Much like the Nose, subsequent ascents of this route can only be gauged on the style in which they're done. Do they improve upon the existing high-bar? Is it going to be a one person effort, or will it be a climbing-team goal?

A beautiful second ascent looks imminent at this point. The bar will be set.
Sheets

Trad climber
Livermore, CA
Nov 16, 2016 - 03:10pm PT
Second repeat? Or second ascent?

Oops, that should have been ascent for both cases.
Alexey

climber
San Jose, CA
Nov 16, 2016 - 04:11pm PT
For those who think that Ondra "hike" Down Wall here is his notes about yesterday hard day:
Update: Ondra Sends Pitches 10, 11, 12 and 13
“It should have been a rather easy day with only four pitches to do, but it turned out to be the opposite. We started in late afternoon, when the wall was getting into the shade. I must admit that I felt the pressure. I hate pitch 10 (5.14a, but I would almost say 5.14b). It is all laybacking—smearing your feet against nothing (sometimes wet nothing)—and the harder you try, the harder it gets. I knew it would be good to send the pitch first go, which almost worked out. I had my face at the belay, but I wanted to move my foot more right and stand up onto the no-hands rest. And somehow—I still do not know how it happened—I was in the air. Devastating. The pitch always gets progressively more wet. And it did. The middle section turned much harder due to wet footholds (some holds are perma-wet on this pitch). I was nervous as hell, climbed quite poorly, but my determination was stronger and I somehow made it up to the belay! I was very relieved!
“I was pretty sure I could finish the schedule of the day. The next pitch is a hard stemming corner at 5.13c, but fortunately, no mistakes on this pitch. Pitch 12 is the Molar Traverse at 5.14b. It is one of the hardest pitches on the whole route (French 8c), but I never found this pitch very hard. Mainly because the crux is just a powerful boulder problem, which fit my style, and the rest of the pitch is technical, though not too bad. But it turned really epic. On my first go I fell off two meters from the anchor, because a little crystal broke. The next go, I slipped on the same move even though I was relaxed, very careful and focused. On my third go, I fell on the lower boulder problem. It was obvious that I had to send the pitch next go, otherwise I would be stuck! I entered the zone, focused, and despite the fatigue I fired it off.
“Pitch 13 (5.13b) was quite OK—one of the few pitches that doesn’t feel sandbagged:-D
“All in all, it was pretty good training! Climbing basically five times 5.14b = 8c (if you count pitch ten as 5.14b). Not a bad day at the crag. Hopefully I will make use of this training Thursday on the crux pitches, after taking a rest-day on Wednesday.”
–BD Ambassador Adam Ondra, November 16, 2016.

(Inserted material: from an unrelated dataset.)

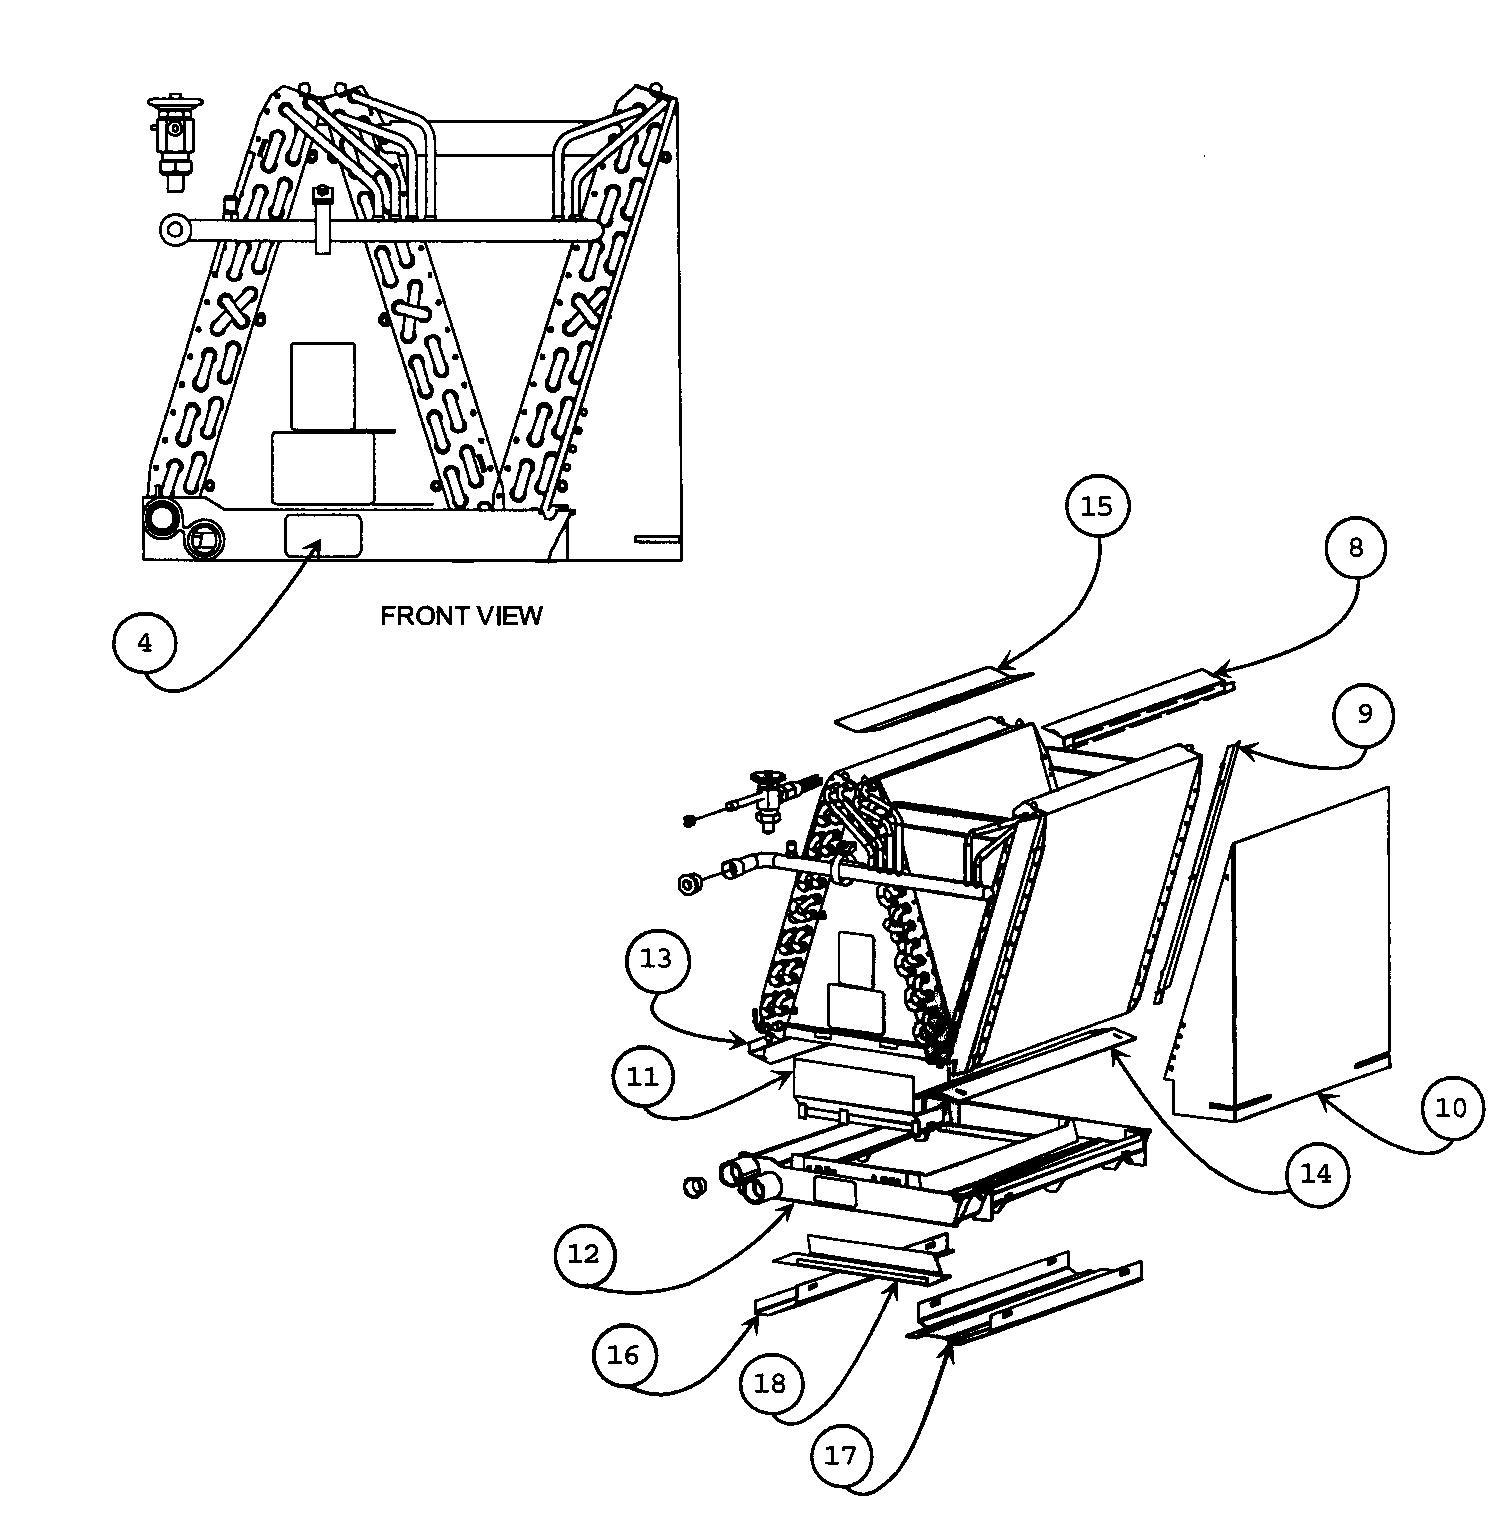 CABINET PARTS Diagram & Parts List for Model

https://www.facebook.com/blackdiamondequipment
i-b-goB

Social climber
Wise Acres
Nov 16, 2016 - 05:29pm PT
^^^^

This goes with the BD / FB page!
'Pass the Pitons' Pete

Big Wall climber
like Ontario, Canada, eh?
Nov 16, 2016 - 05:52pm PT
Wow. Dang.
limpingcrab

Trad climber
the middle of CA
Nov 16, 2016 - 06:20pm PT
5.14b laybacking doesn't even make sense.
NutAgain!

Trad climber
South Pasadena, CA
Nov 16, 2016 - 07:03pm PT
Pretty brutal to have your face at the anchors and pop off because of holding out for good style to finish it. Having to climb another pitch of 5.14b raises the stakes a bit. I don't have too many of those in me on a good day.